# [ENTRIES SUPPLIED]
··········

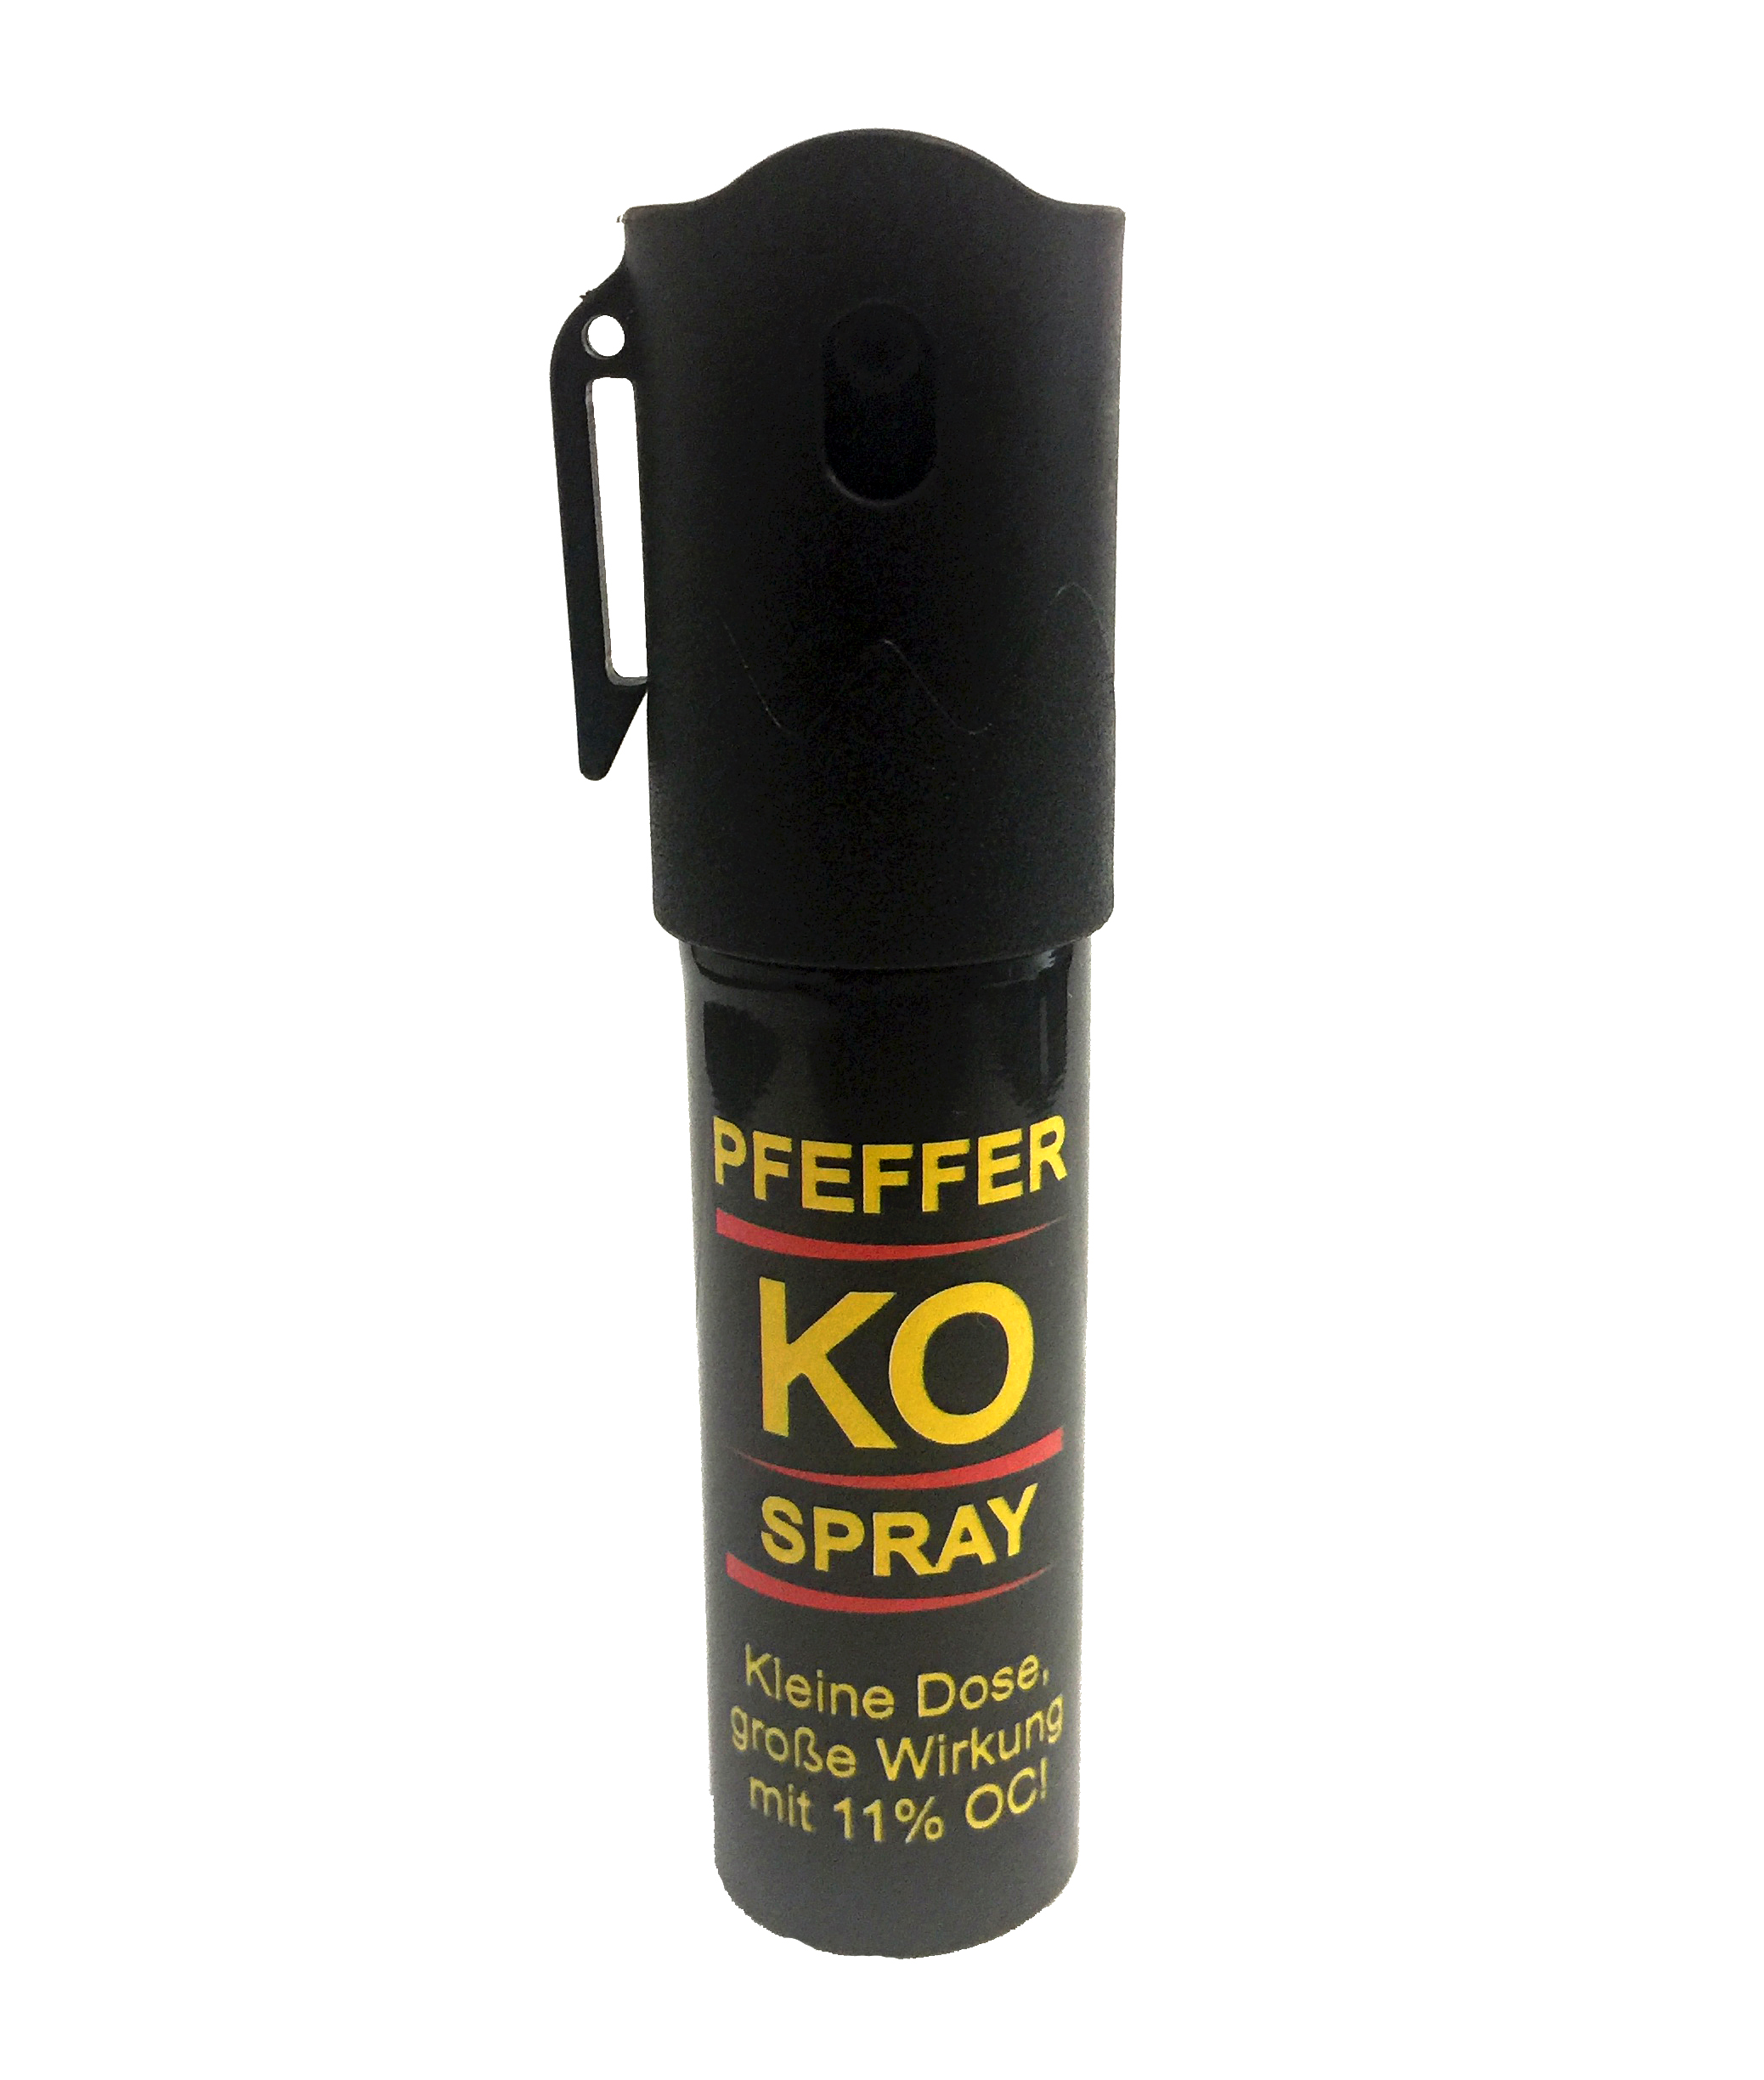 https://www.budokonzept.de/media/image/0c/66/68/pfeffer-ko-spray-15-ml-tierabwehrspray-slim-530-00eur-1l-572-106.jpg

··········

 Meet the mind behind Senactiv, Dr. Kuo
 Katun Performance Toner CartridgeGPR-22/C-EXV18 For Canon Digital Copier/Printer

··········

# [TASK ITEM]
For this exercise, output exactly the lines above from the line with "Meet the mind behind Senactiv, Dr. Kuo" to the line with "Katun Performance Toner", counting both, and leave out the rest.

# [RESULT OF THE TASK]
 Meet the mind behind Senactiv, Dr. Kuo
 Katun Performance Toner CartridgeGPR-22/C-EXV18 For Canon Digital Copier/Printer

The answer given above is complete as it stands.